Comments (7)
The obvious major benefit to running the servers as onion/ hidden services is that their IP address remains confidential. This mitigates the risks of adversaries learning identity or location information and potentially to malware injection or other attacks.
The .onion address appears to be random and should be difficult for an external adversary to guess, which somewhat mitigates DoS attacks, but this protection is brittle in that it relies on a secret that may not be well guarded (if the onion address is stored on laptop/ PCs running revaultd). An additional way to mitigate DoS attacks (from external and insider adversaries) is to require client authentication to the server. This provides accountability of communication events and enables the server to restrict access to its functionality through anti-DoS logic.
Now, from the client's point of view the information they intend to send to a server should remain confidential (not because sending signatures in clear-text enables a theft, but because otherwise operational privacy can be broken if intercepted, which could for example enable front-running a trade).
A noise channel (specifically noise_KK, noise_KX, and noise_XX) provides authentication and confidentiality after the initial handshake, but the different variants have different underlying assumptions for the handshake messages themselves. Noise_XX is a reasonable choice in a p2p network where neither party knows the other in advance, but since the initiator's first message doesn't benefit from sender authentication it could have been sent by an active attacker. Noise_KK provides the strongest mutual authentication during the handshake, assuming the out-of-band exchange of static keys is not compromised. Noise_KX is the 'middle ground', where the initiator is assumed to be pre-authenticated by the responder.
The requirement for practical-revault is to minimize the procedural overhead of the initialization and ceremony, while retaining a high-level of authentication and confidentiality. So I propose that Noise_KX be used for client-server communication channels. This requires participants to pass 'out-of-band' all relevant static communication public keys (including in some cases those of other participants, gathered during the ceremony) to the servers they manage, but does not require the server to be initialized before the ceremony. One complication for this is that the (sync and co-signing) servers' onion address information must be exchanged between participants. Provided that clients can communicate among each other securely then this exchange can occur after the ceremony. That way there is no need for participants to perform any initialization before the ceremony (besides device procurement). This secure communication between participants can be mediated by the sync server to avoid the need for direct connections, but will require participants to exchange long-term static public keys for communication during the ceremony.

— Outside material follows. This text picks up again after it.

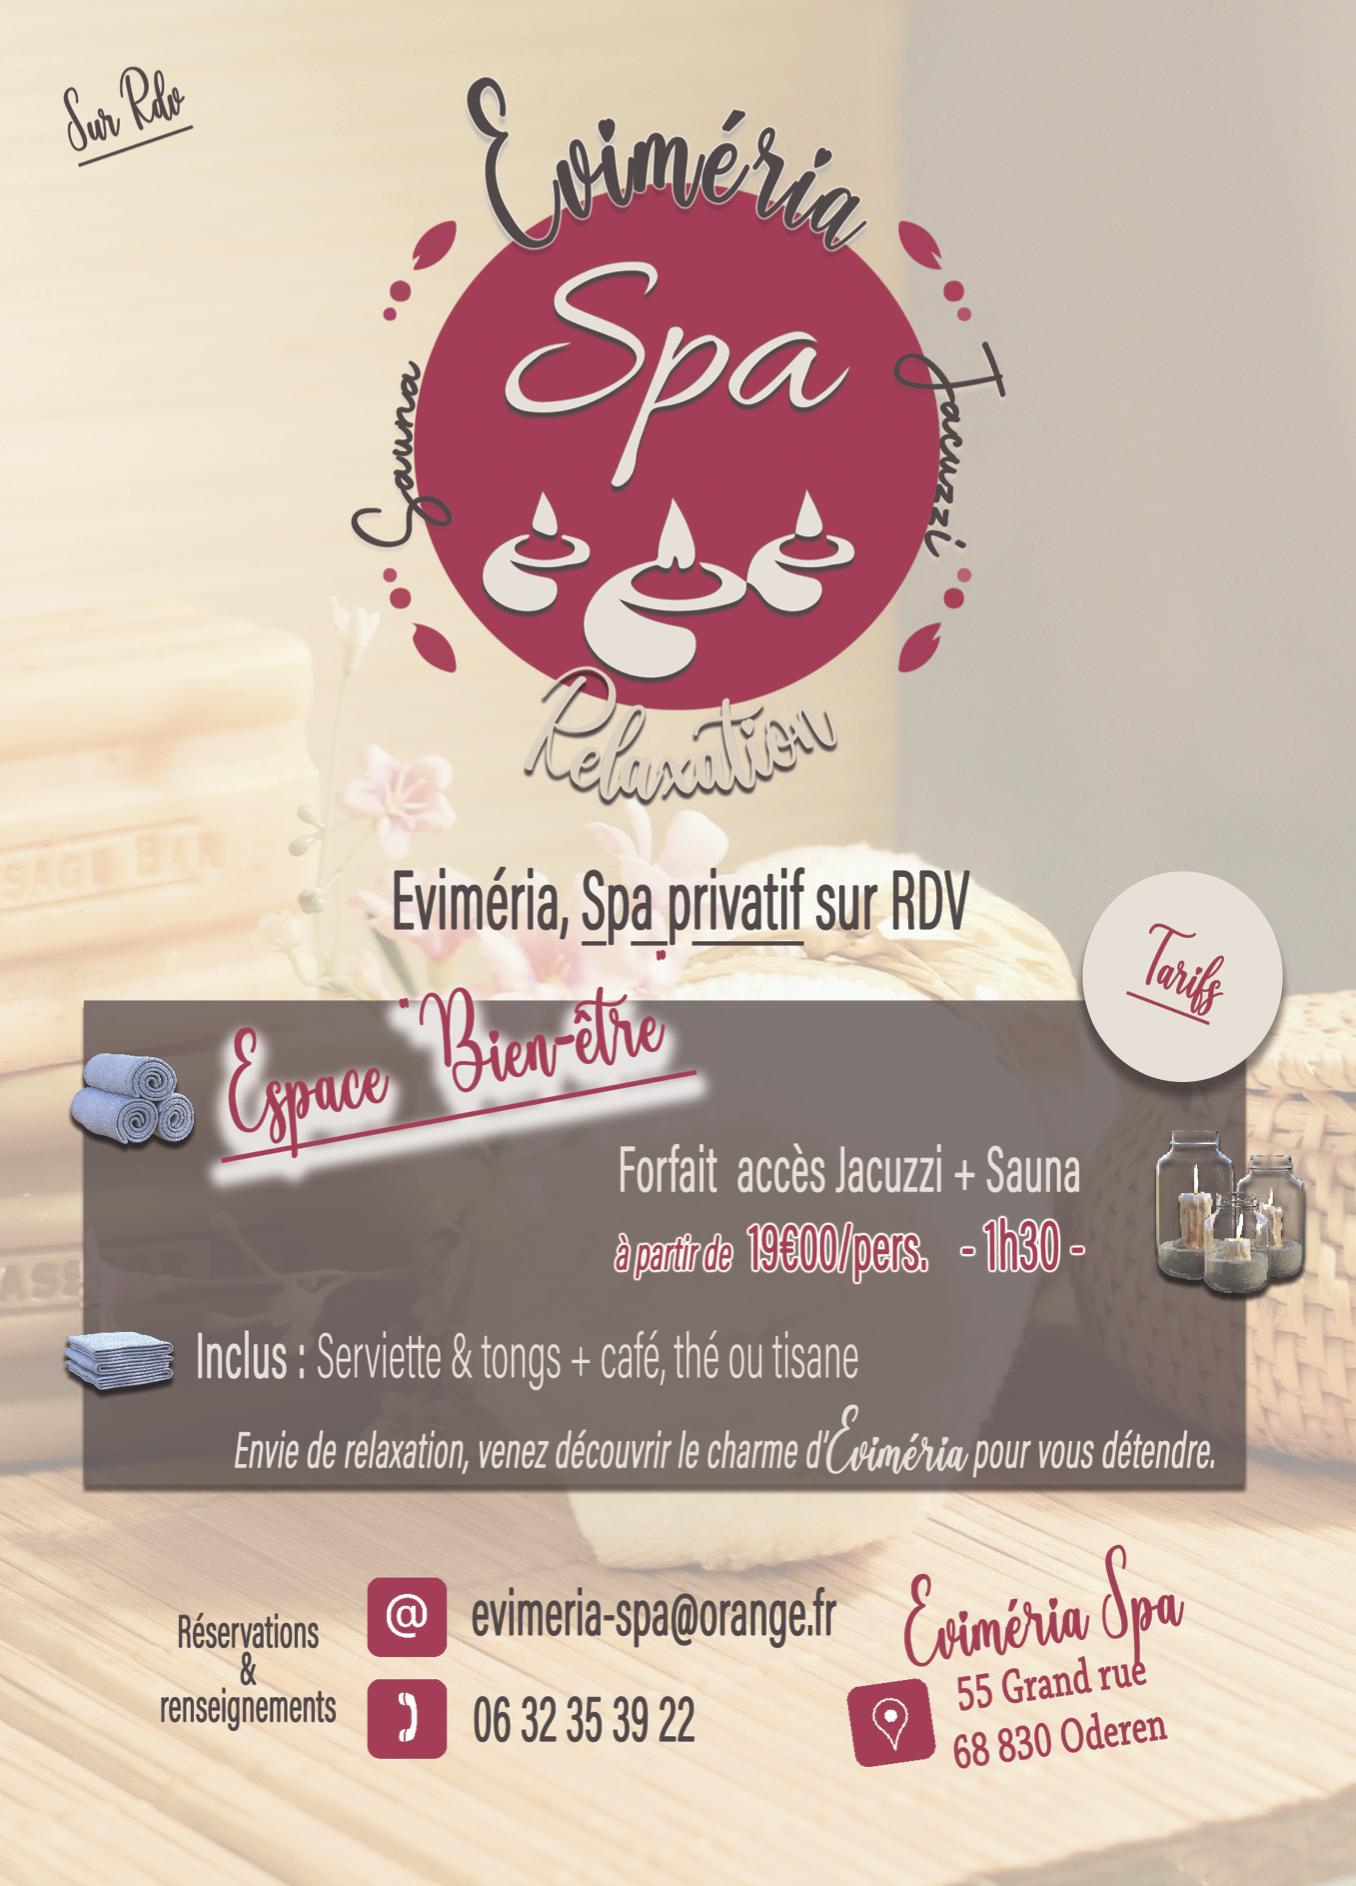 Evimeria Spa Oderen, jacuzzi, sauna, relaxation

The out-of-band exchange of static keys from participants and the servers they manage must be done securely -> this raises the question of how to transport this information (physically and digitally)?
Another question worth considering; is it necessary for servers to authenticate themselves to clients? This authentication will come 'for free' if using one of the noise variants mentioned. Though I'm not sure it is strictly necessary.
from practical-revault.
The .onion address appears to be random
They better be!
this protection is brittle in that it relies on a secret that may not be well guarded
Definitely.
Privacy of operations is a good point as well (but signatures do not reveal the actual transaction).
Noise_KX is the 'middle ground', where the initiator is assumed to be pre-authenticated by the responder.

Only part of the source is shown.